══ DATA SECTION

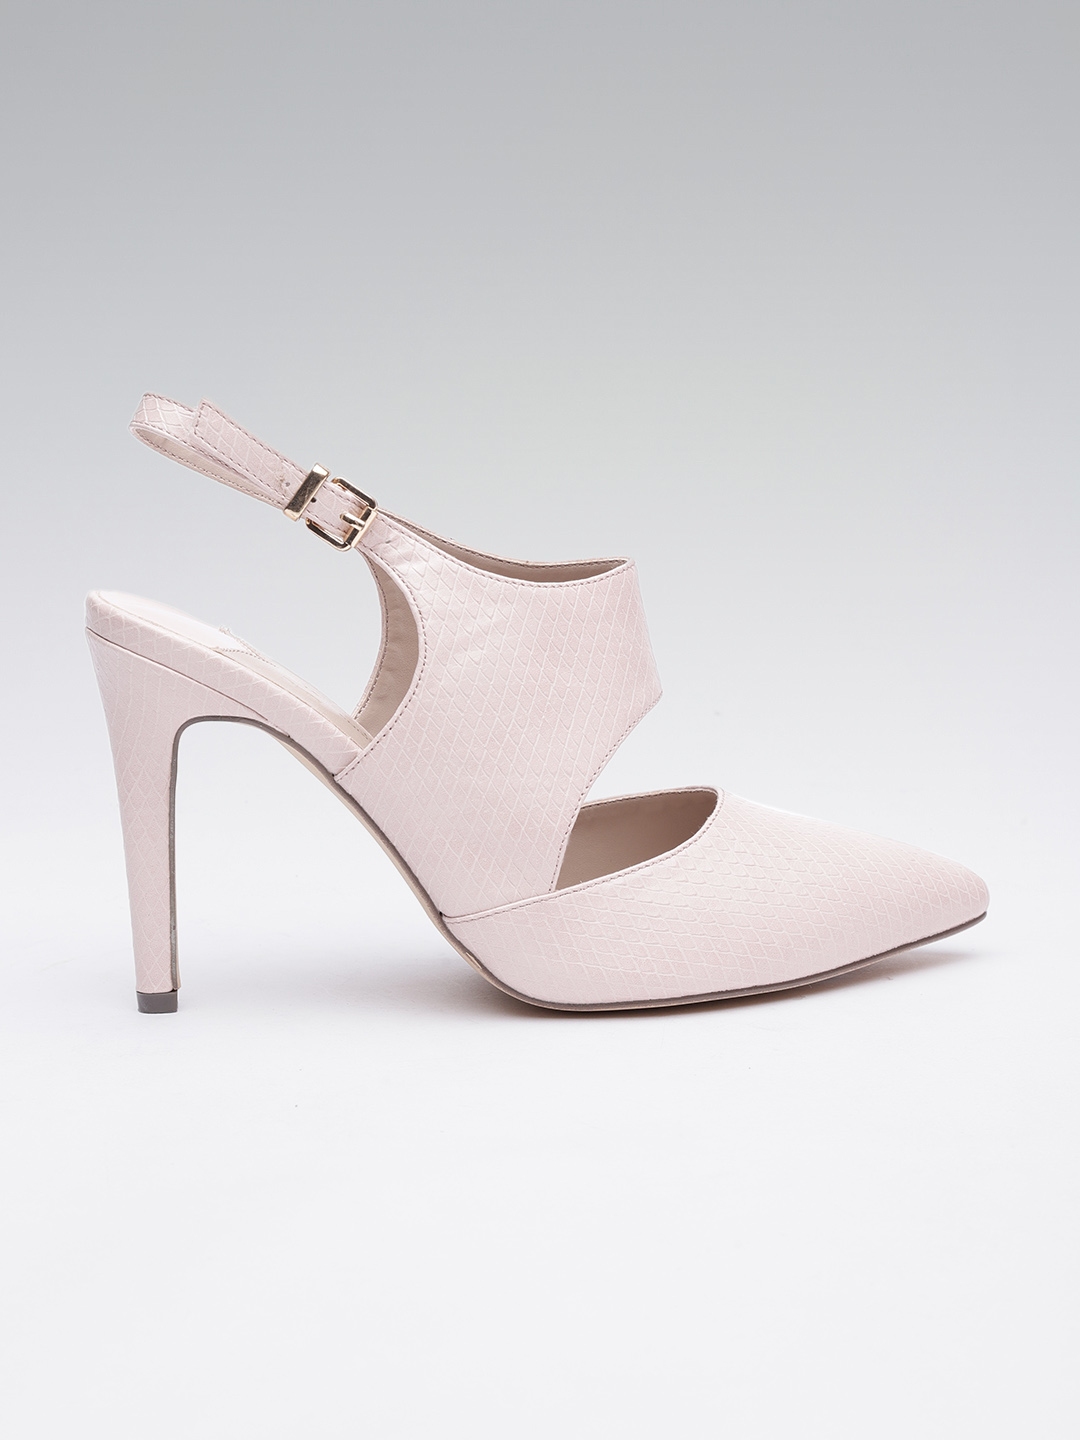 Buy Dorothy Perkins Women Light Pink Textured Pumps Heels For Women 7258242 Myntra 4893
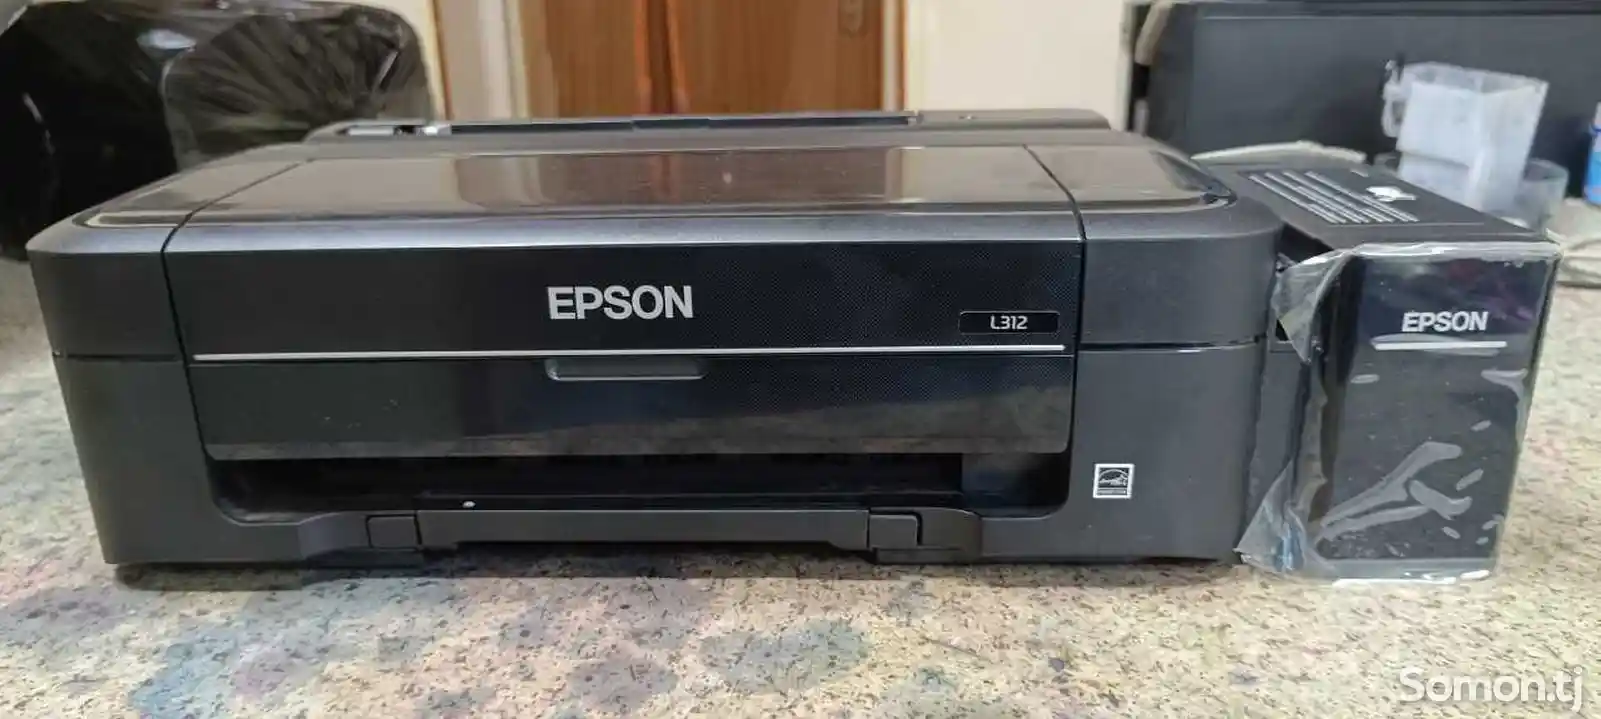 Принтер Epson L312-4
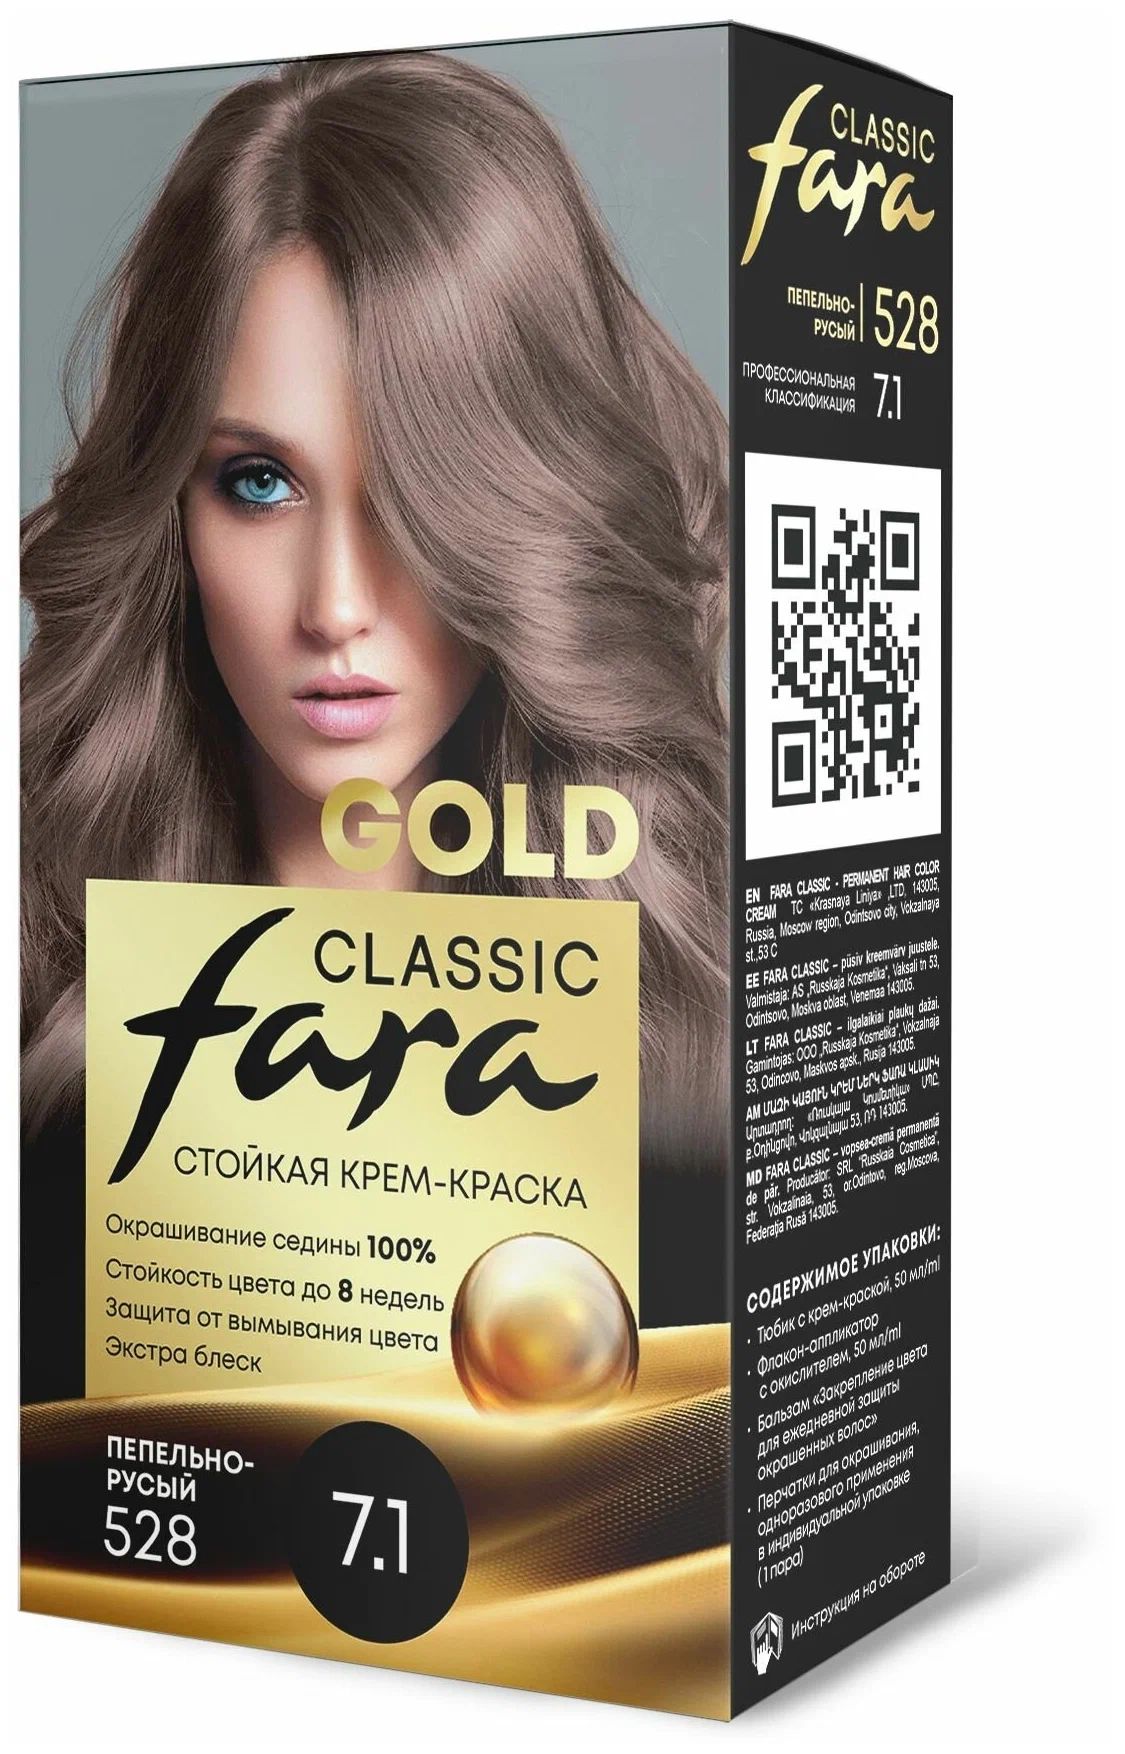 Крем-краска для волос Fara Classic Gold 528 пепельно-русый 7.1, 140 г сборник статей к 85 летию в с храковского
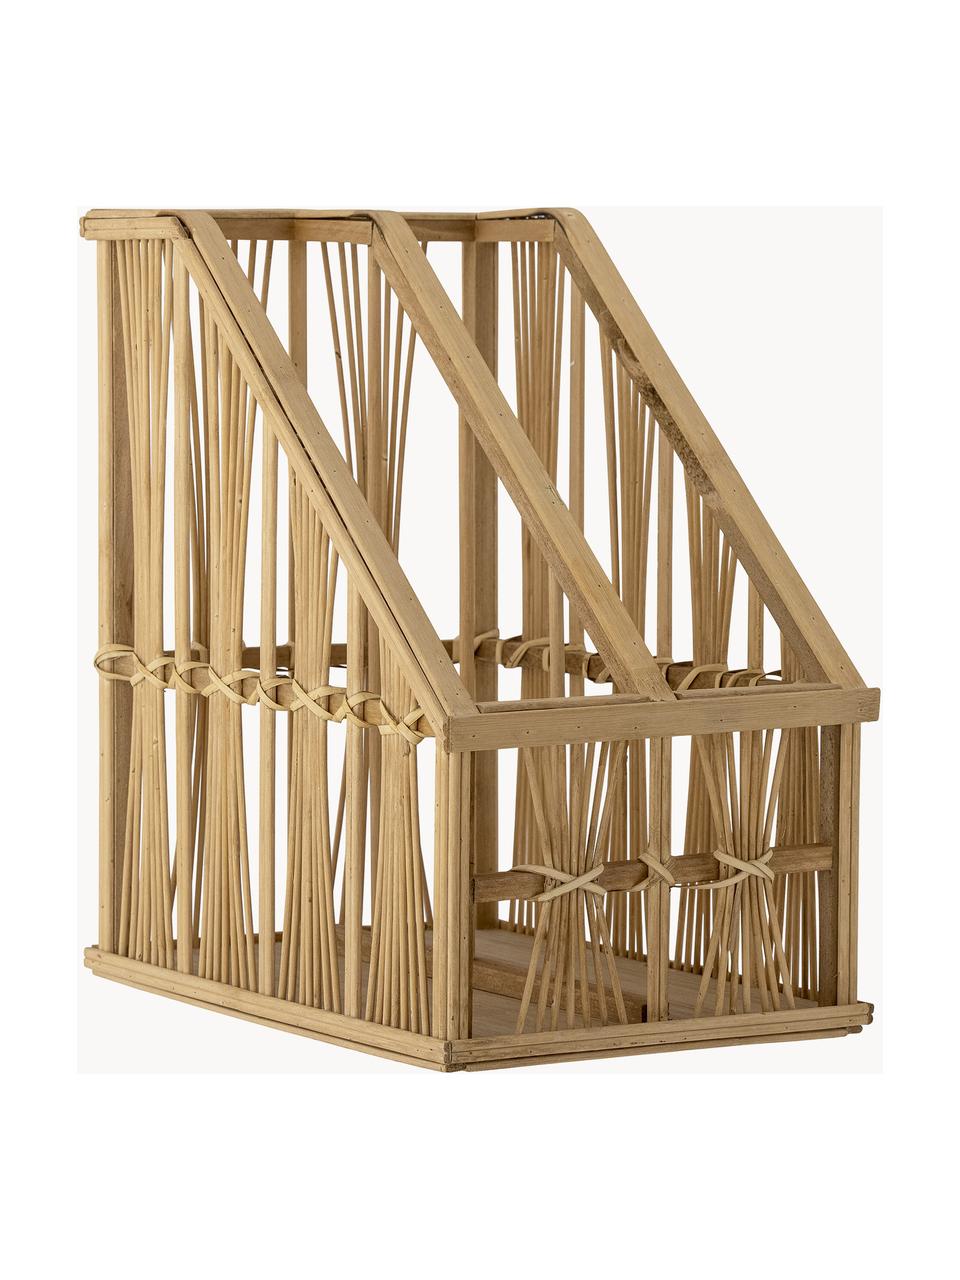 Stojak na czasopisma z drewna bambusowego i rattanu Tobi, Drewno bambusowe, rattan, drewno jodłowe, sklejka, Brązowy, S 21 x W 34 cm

════

HOW TO COMPLETE THIS TASK =>
Every line from the one containing "Принтер Epson L312-4" through the last line of the listing must be written out again exactly, and no other line. Leave the pictures aside.

WORKED SOLUTION =>
 Принтер Epson L312-4
 Крем-краска для волос Fara Classic Gold 528 пепельно-русый 7.1, 140 г сборник статей к 85 летию в с храковского
 Stojak na czasopisma z drewna bambusowego i rattanu Tobi, Drewno bambusowe, rattan, drewno jodłowe, sklejka, Brązowy, S 21 x W 34 cm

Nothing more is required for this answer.